Roma, 3 novembre 2024 – Vecchi, con strutture inadeguate, pochi servizi e spesso collocati in aree ad alta densità. Altro che Champions League. Nello speciale campionato dedicato agli stadi di calcio, l’Italia da decenni gioca in serie B e annaspa fra gli ultimi posti della classifica. Del resto, con strutture che hanno un’età media di 61 anni, c’è poco da ragionare: siamo fuori mercato da anni. L’unico scatto c’è stato, sia pure fra scontri politici e inchieste giudiziarie, con Italia ’90. Poi il silenzio, con pochi squilli di tromba, come quello dell’Allianz Stadium di Torino.
I numeri sono poco incoraggianti: uno stadio su 3 non ha piste di atletica, né uno Skybox, né punti vendita per le attività commerciali. Una debacle resa ancora più amara da quello che, nel frattempo, si è verificato negli altri Paesi. Negli ultimi dieci anni in Europa sono spuntati 153 nuovi impianti. In Italia solo tre. Una condanna? Non proprio. Perché i progetti (e, con questi, i sogni dei tifosi) non mancano. Al momento, secondo l’ultima ricognizione disponibile, sono sulla pista di decollo almeno 14 interventi, per un investimento complessivo di 3 miliardi di euro. Progetti che avrebbero un effetto moltiplicatore sul Pil per circa 5 miliardi e un impatto di 12mila nuovi posti sul fronte dell’occupazione. Ma non basta. Perché i nuovi impianti farebbero lievitare i guadagni delle società (o degli enti) che gestiscono gli impianti, portando oltre 3,3 milioni di spettatori in più sugli spalti con un’impennata dei ricavi per 200 milioni di euro. Una boccata d’ossigeno anche per i club della serie A che, al momento, non riescono a mantenere il passo delle squadre europee più blasonate.

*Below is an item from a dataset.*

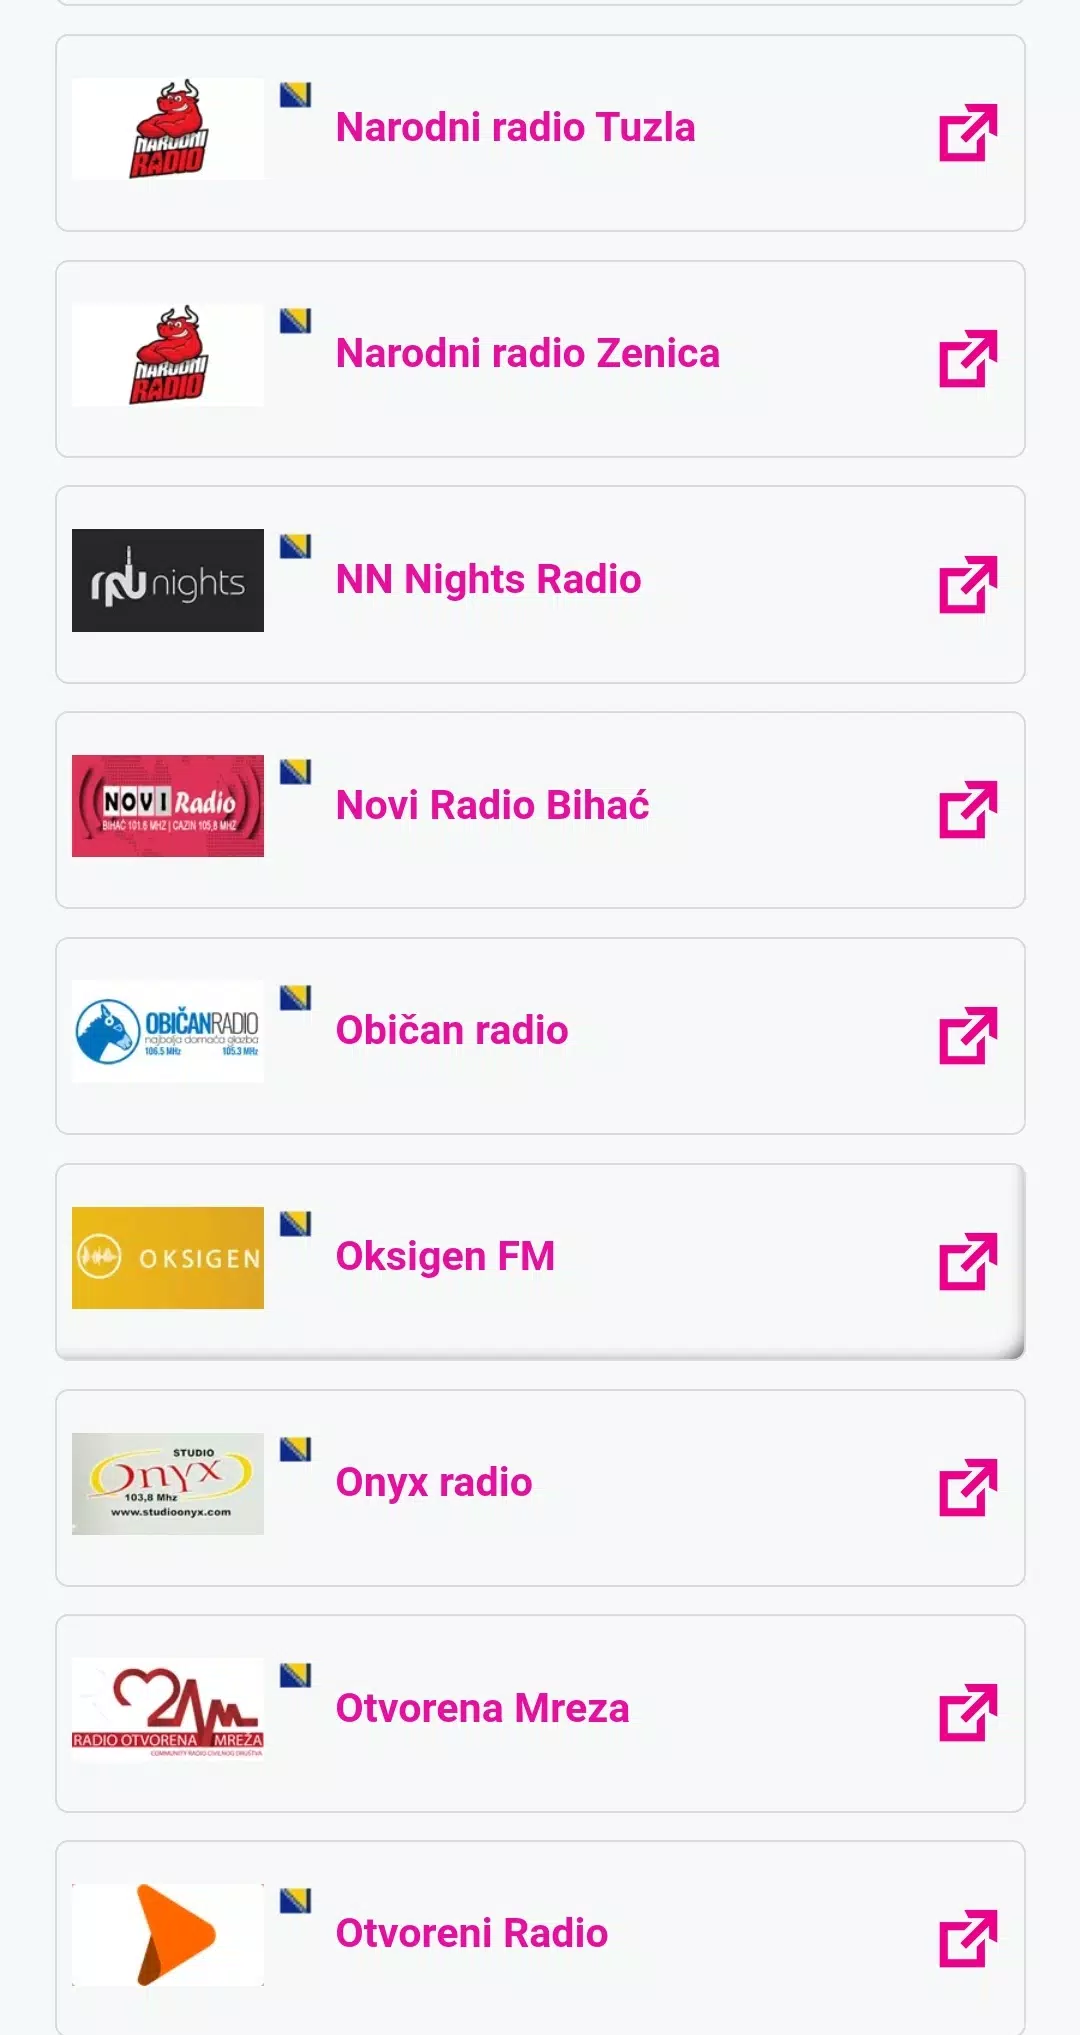 RADIOSTANICA.BA - Radio stanic APK for Android Download
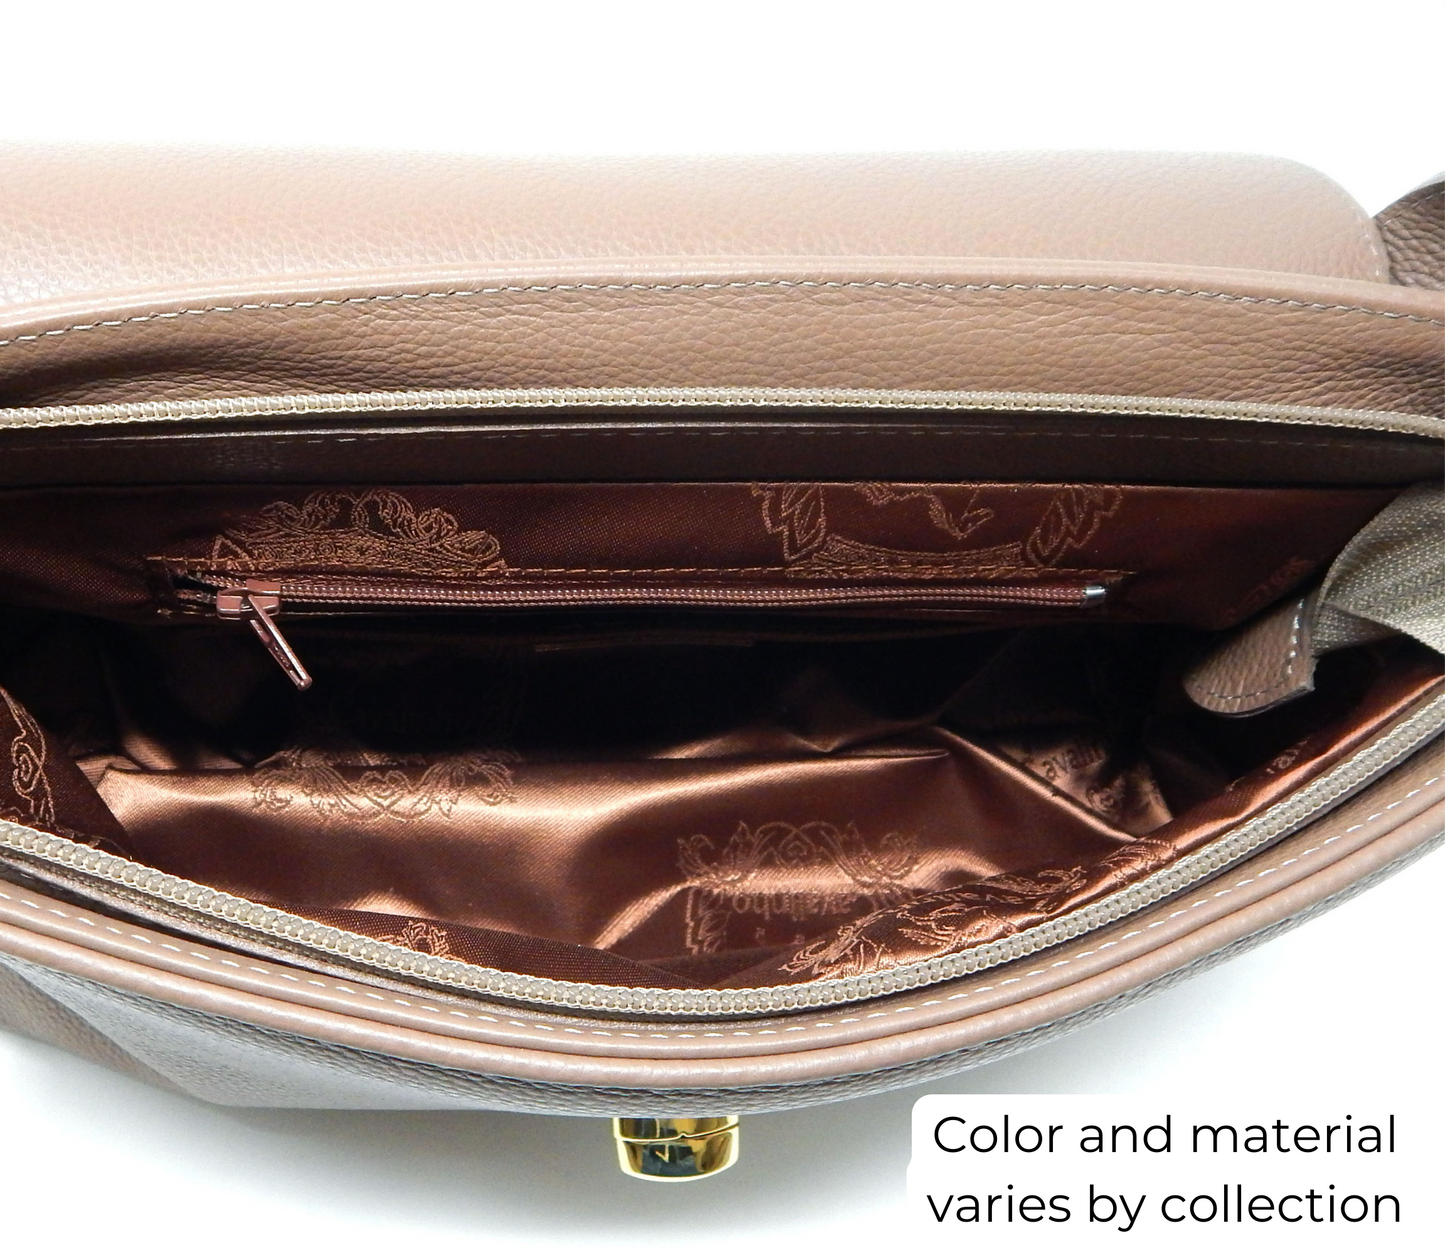 Cavalinho Muse Leather Handbag - Black - inside_0514_af90fa9c-fe5f-4089-ad8b-13d72a1c97d3

Giusto per dare un’idea del fenomeno, Inter e Milan nella loro migliore stagione di sempre, non hanno superato gli 80 milioni di euro. Arsenal e Tottenham incassano ben oltre i 100 milioni. Senza contare alle big assolute come Psg e Barcellona che superano addirittura i 150 milioni. In generale, la media dei ricavi da gara per la Serie A nel 2022/23 è stata di 20 milioni di euro per ciascun club: peggio fa solo la Ligue 1 (14 milioni di media), mentre sopra i club italiani ci sono Premier League (50 milioni), Liga (31 milioni) e Bundesliga (30 milioni). Non sarà un caso se questa classifica rispecchia anche le gerarchie dei valori messi in campo nelle competizioni europee.
Ma perché l’Italia è rimasta così indietro? La storia degli stadi è un po’ lo specchio di quello che succede nelle grandi opere, con tempi medi di realizzazione che superano di oltre il 30% quelli europei. Con punte addirittura del 50% se si considerano i passaggi di carte fra i diversi uffici che devono rilasciare i nulla osta. Insomma, la burocrazia resta il primo grande ostacolo per la realizzazione degli impianti. Ma non è il solo. Spesso bisogna fare i conti con le beghe politiche dei diversi enti chiamati ad esprimere un parere sui progetti. Per avere un’idea è sufficiente scorrere le cronache relative al nuovo stadio della Roma di James Pallotta a Tor di Valle o al nuovo San Siro voluto da Inter e Milan. Una melina senza fine alimentata anche dagli scontri fra i diversi partiti in campo. Infine, ci sono poi i problemi di copertura dei costi: una volta avviata l’opera, i valori tendono costantemente ad aumentare, creando non pochi problemi alle asfittiche casse dei Comuni o degli enti finanziatori. Le possibilità di rimonta sono, per il momento, tutte affidate alla chance del 2032, quando Roma e Istanbul ospiteranno il campionato europeo. Abbiamo tempo fino al 1 ottobre del 2026 per adeguare almeno 5 impianti e non perdere l’occasione. Ma, per farlo, servirebbe uno scatto da campioni.